MATERIAL SHOWN:
* * * * * * * * *

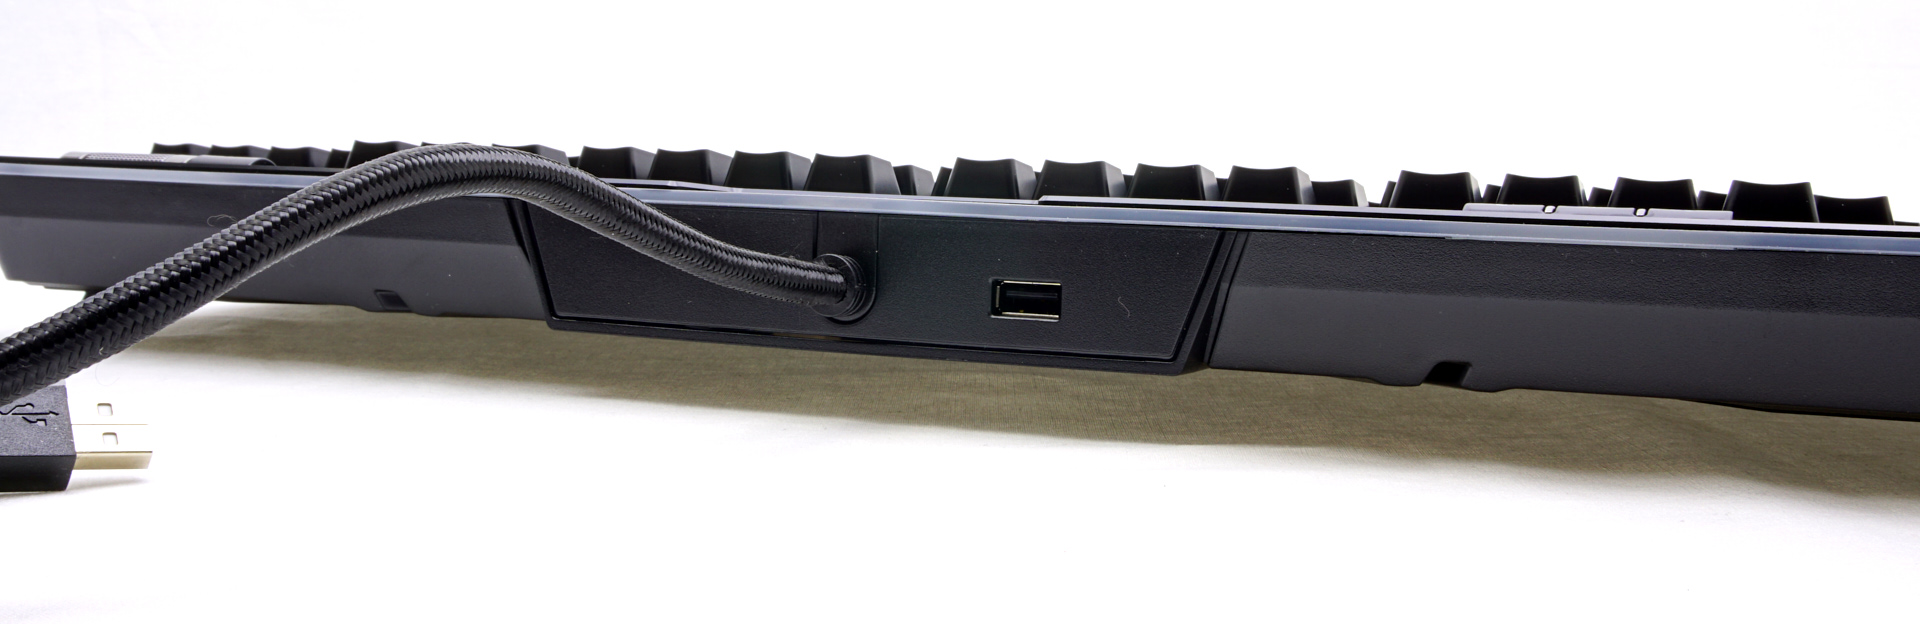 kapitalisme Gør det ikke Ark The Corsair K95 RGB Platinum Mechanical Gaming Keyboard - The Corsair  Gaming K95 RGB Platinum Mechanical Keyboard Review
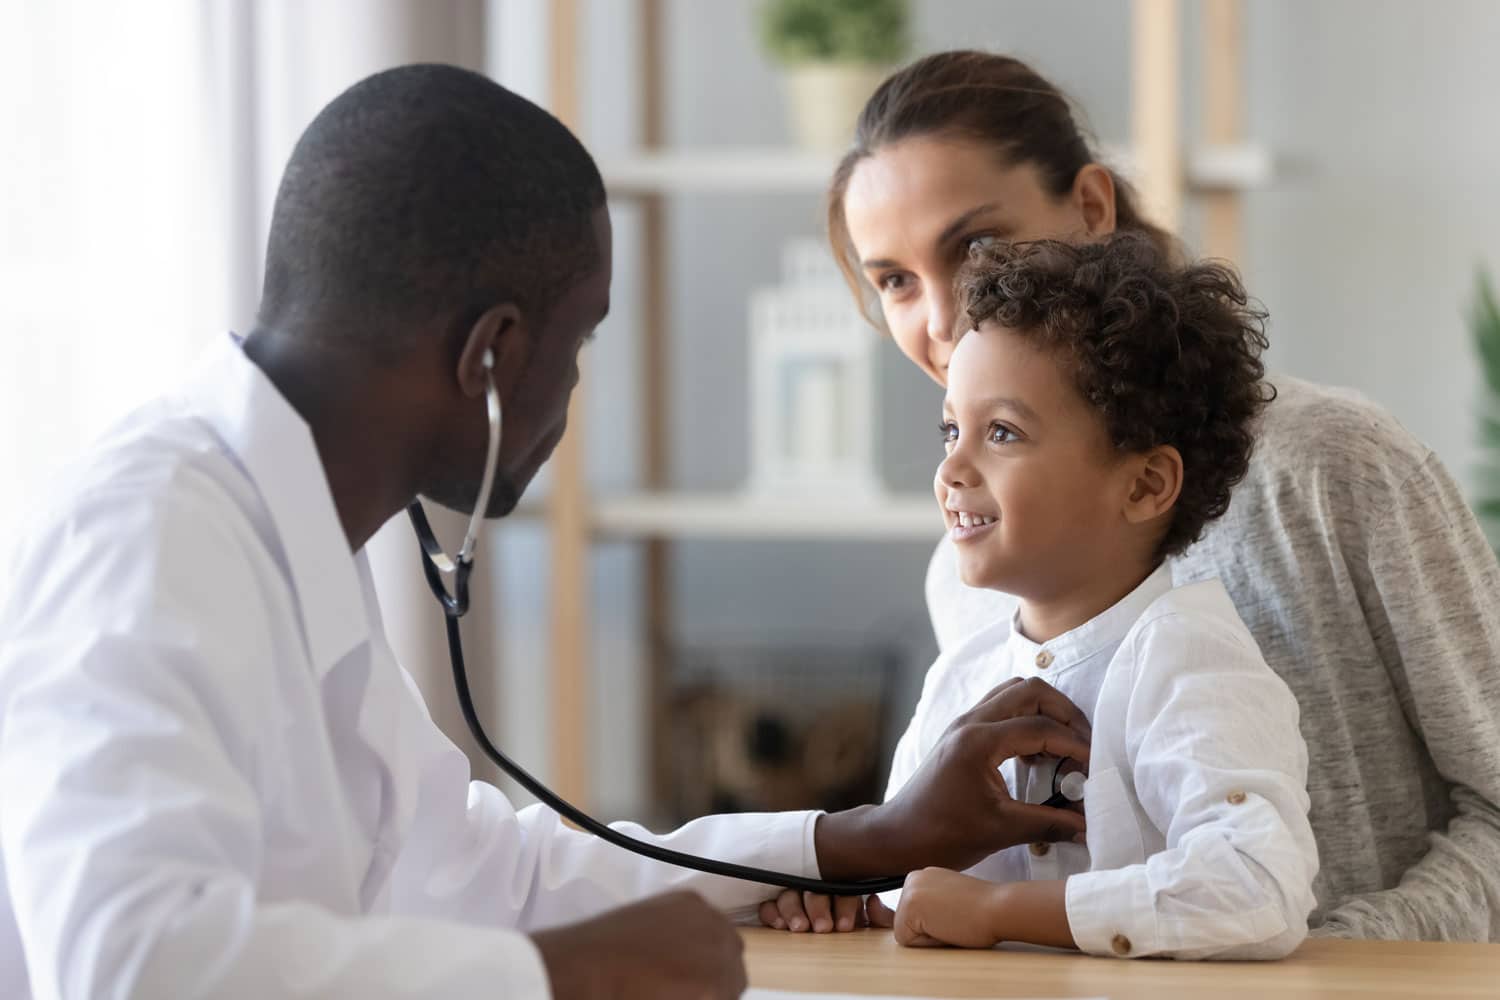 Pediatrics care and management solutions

* * * * * * * * *

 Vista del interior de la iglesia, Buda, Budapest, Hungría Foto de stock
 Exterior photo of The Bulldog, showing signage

* * * * * * * * *

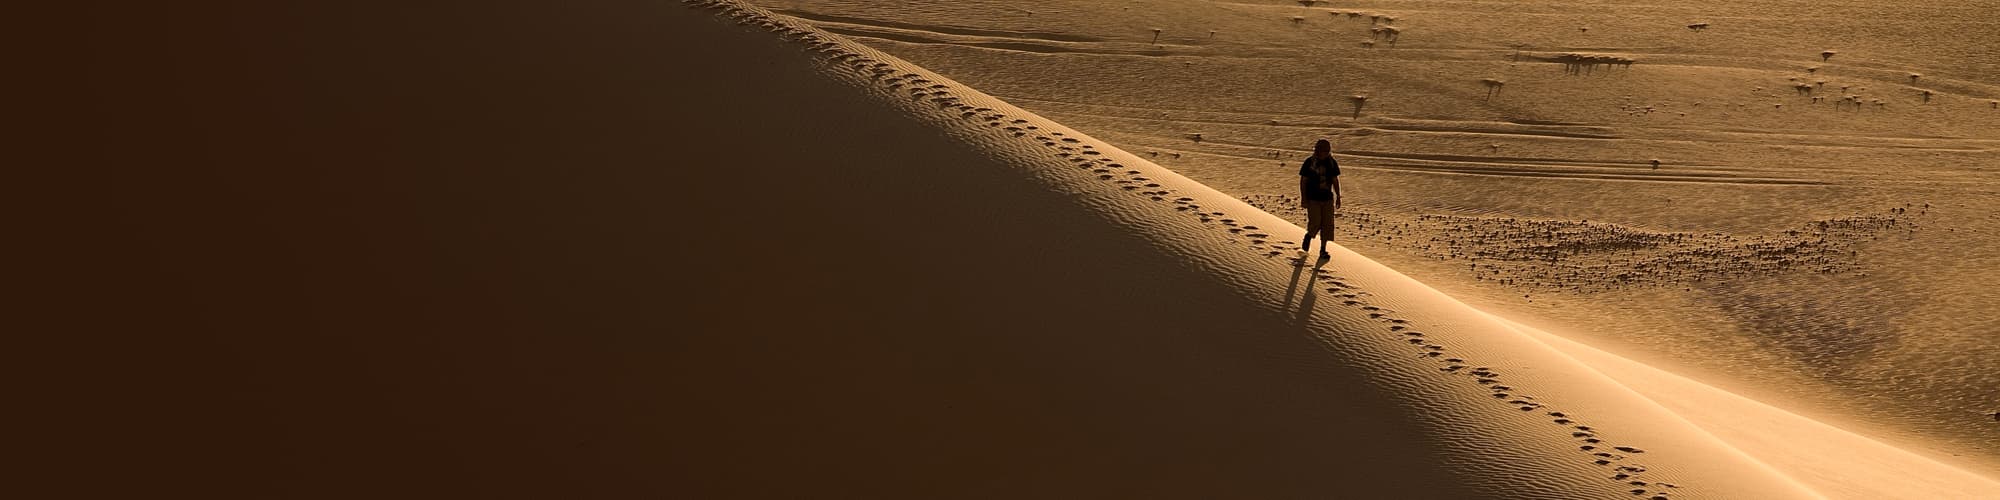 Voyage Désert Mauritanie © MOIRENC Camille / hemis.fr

* * * * * * * * *

Would you restate, exactly and with no pictures, the lines of the entries above from the one containing "kapitalisme Gør det" through the one containing "Pediatrics care and management solutions"?

 kapitalisme Gør det ikke Ark The Corsair K95 RGB Platinum Mechanical Gaming Keyboard - The Corsair  Gaming K95 RGB Platinum Mechanical Keyboard Review
 Pediatrics care and management solutions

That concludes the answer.